Sunday, July 6, 2008

Day 21 - Battle of the Little Big Horn

I am writing this as we head across Kansas on Day 22, so I will update the site with pictures tonight.

Anyway, we had a comfortable night in Billings and got up in the morning to head south towards Colorado, with a short sidetrip to the Battle of the Little Big Horn Memorial. It is a part of the National Park Service, so in we went on Jimmy's Golden Age Passport. I don't know how much he spent on that pass when he and Garrie made one of their trips to Virginia, but I suspect it paid for itself many times over on this trip. The only national park where we had to pay any entrance fee was the one in Alberta, Canada. I guess it makes sense that they would not honor a US National Park Service pass.

Anyway, the Little Big Horn Memorial is just off interstate 94 in Montana. We had missed it on the way out because the highway we had planned to take was under construction and we had to take a detour that caused us to enter Billings 40 miles north of the site. I guess I didn't really kmow what to expect - not being a really big history buff. But, we parked the RV and cranked the generator for the kitties and off we went.

The site is a national cemetery. I believe the ranger told us that the cemetery had been closed 12 or 15 years. Basically, that means that it had reached capacity with veterans who wished to be interred there.
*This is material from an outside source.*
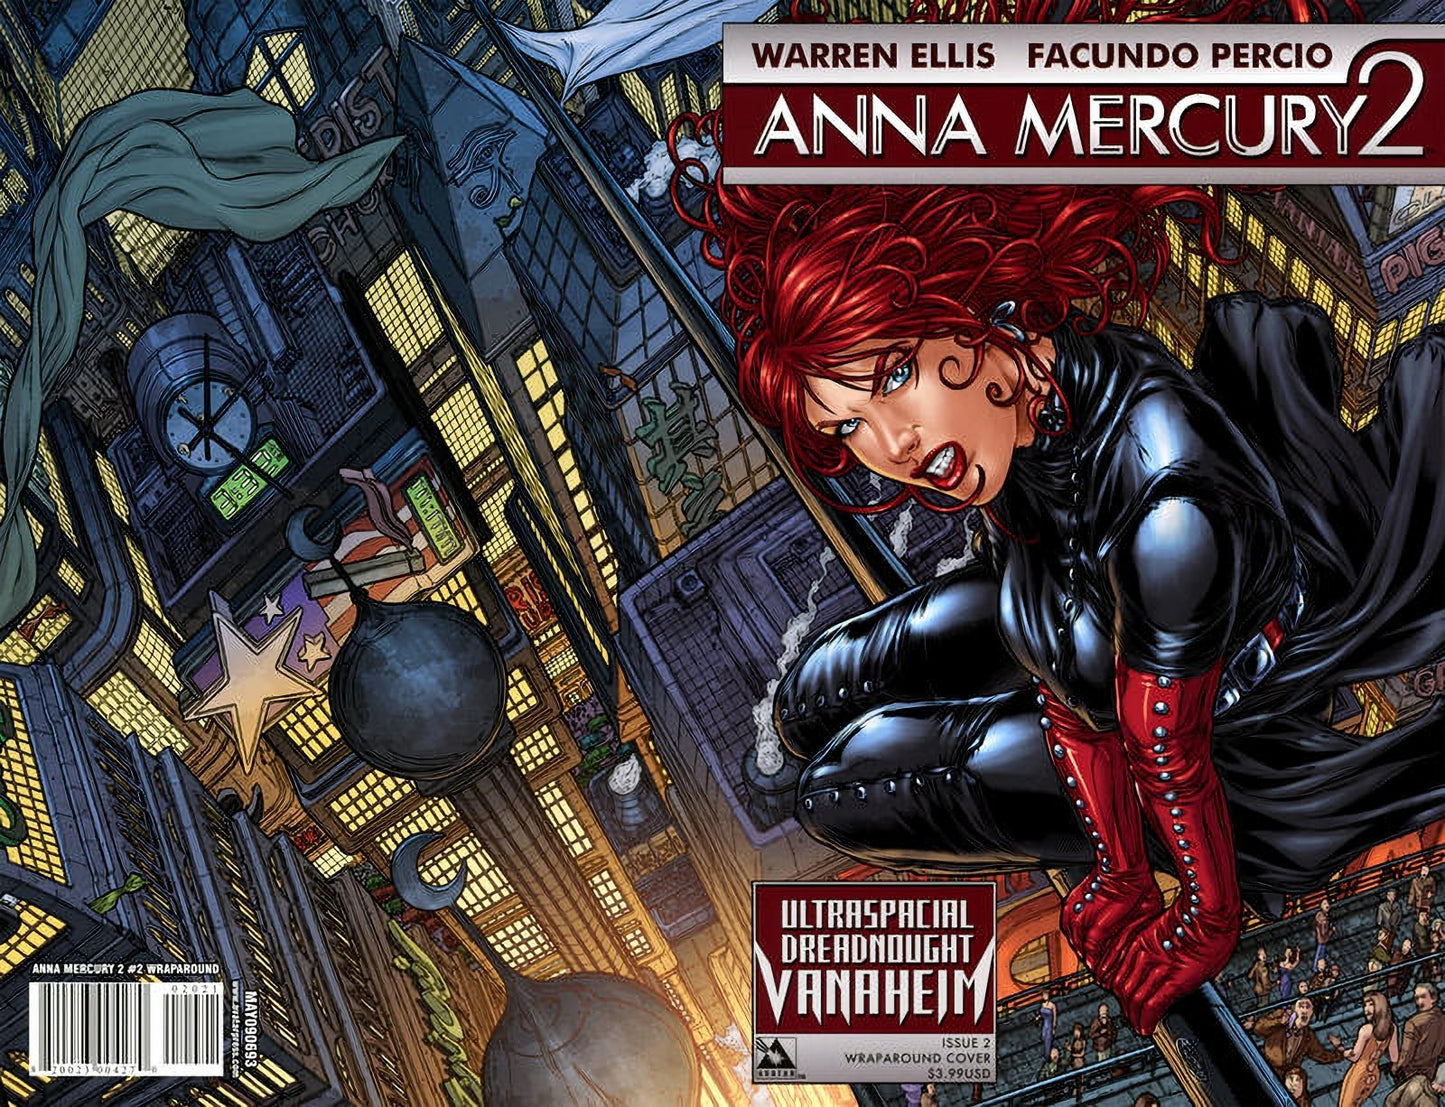 Anna Mercury 2 #2 Wrap Cover (2009) Avatar Press Comics

We pulled up to the visitor center just as they were starting a 17 minute video to give the history of the battle. Quite frankly, I didn't follow it really well, but Jimmy said it was very well done. I did get the point that Custer was outmanned, outmaneuvered, and just plain out old fashioned beaten at the Battle of the Little Big Horn.
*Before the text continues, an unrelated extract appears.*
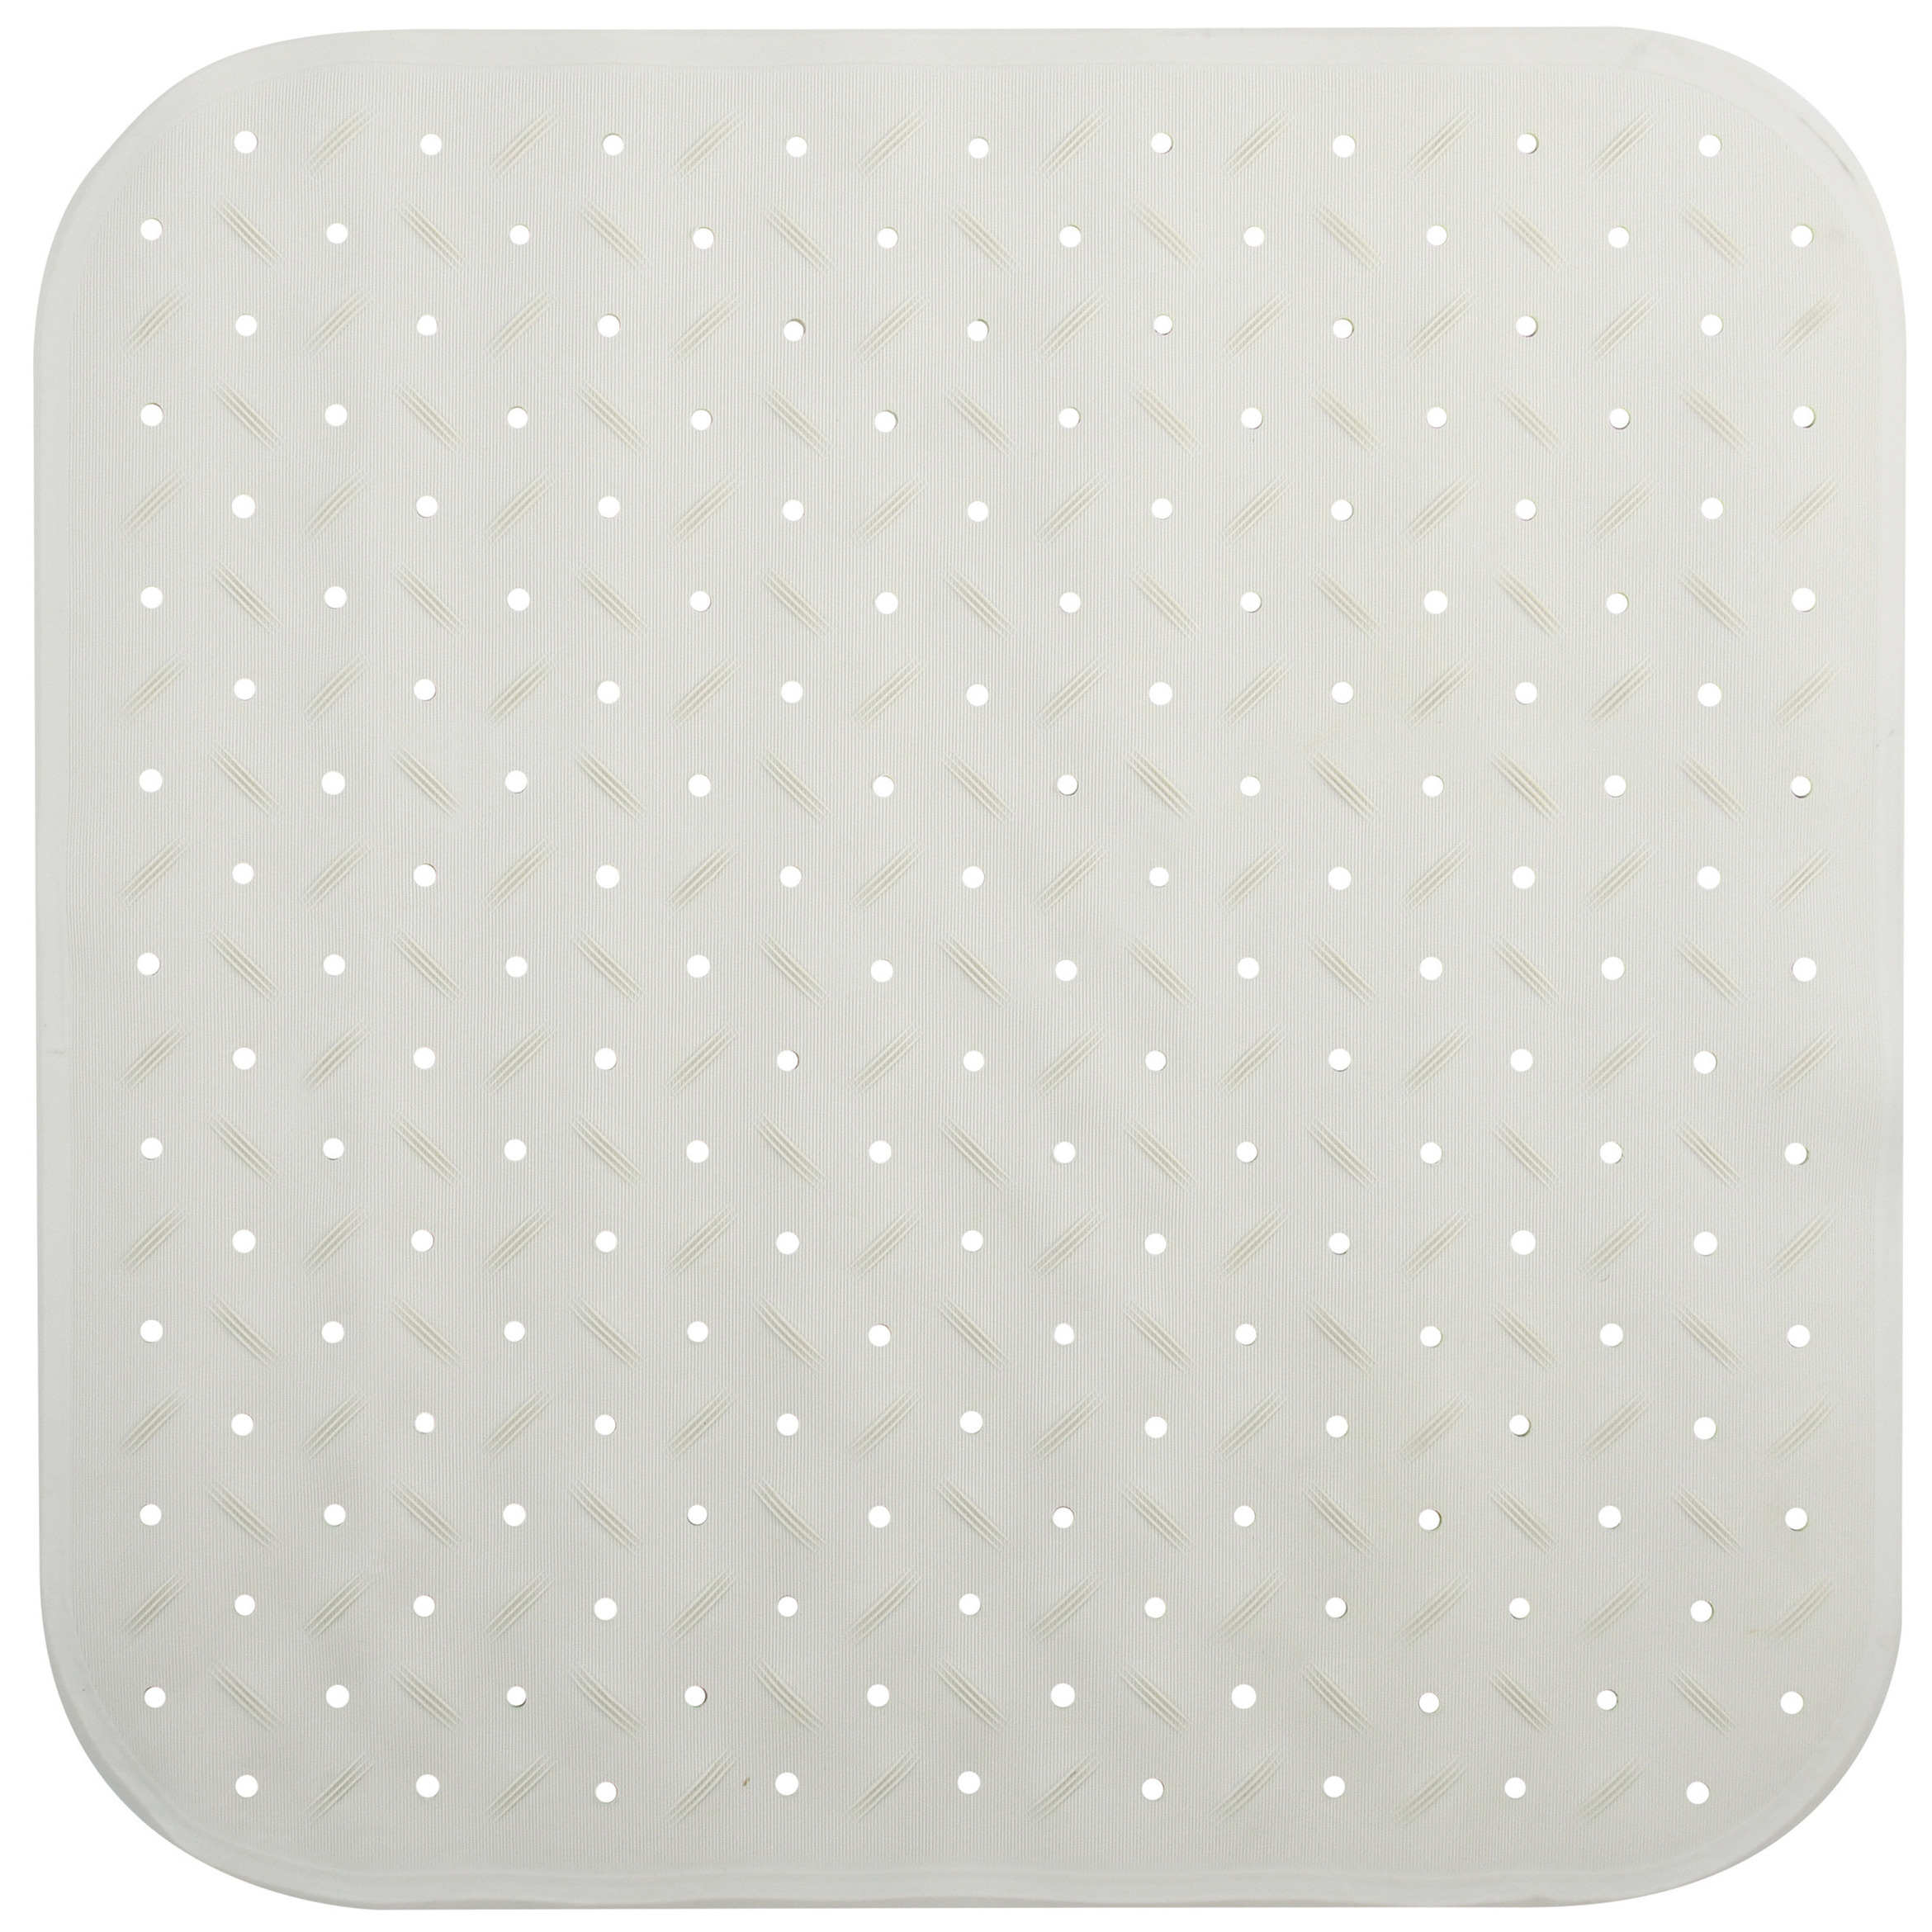 Douche-bad anti-slip mat badkamer rubber wit 54 x 54 cm vierkant

Once we watched the video, we strolled up the hill toward the two monuments. Shortly after the actual battle, soldiers who had been with the army which launched the attack, but separated from the main body, came onto the field of battle and saw the dead. They buried the soldiers in shallow graves and marked the graves. Two years later, all of the bodies were dug up and reinterred under a monument which stands on a hilltop overlooking the battlefield. The native Americans had not lost so many, but the monument to their dead was not erected until much later (I'll look up the actual date and put it in here as soon as I can). The National Park was originally named for General Custer. Under the senior Bush administration, the name was changed to the Battle of the Little Big Horn, thus honoring all who fought and died there. On the hillside between the original monument and the visitor center are crosses marking the original graves of many of the soldiers. The ranger (who, by the way was Native American - Crow Nation) told us that Custer had actually died at a place at the foot of the monument, but his marker had been moved as it was feared that tourists would carry off pieces of the marker (the area is surrounded by a fence). Of course, many of the officers who were killed at that battle are not interred in the mass grave, but were returned to be buried at a site selected by their families. General Custer is buried at West Point.



After we left the park. we headed the RV south. We got to Wellington, CO and spent the night. They have lots of black flies!!! Luckily I had a package of Corky's BBQ in the freezer, so we had that for dinner, watched a little NASCAR, and hit the sack.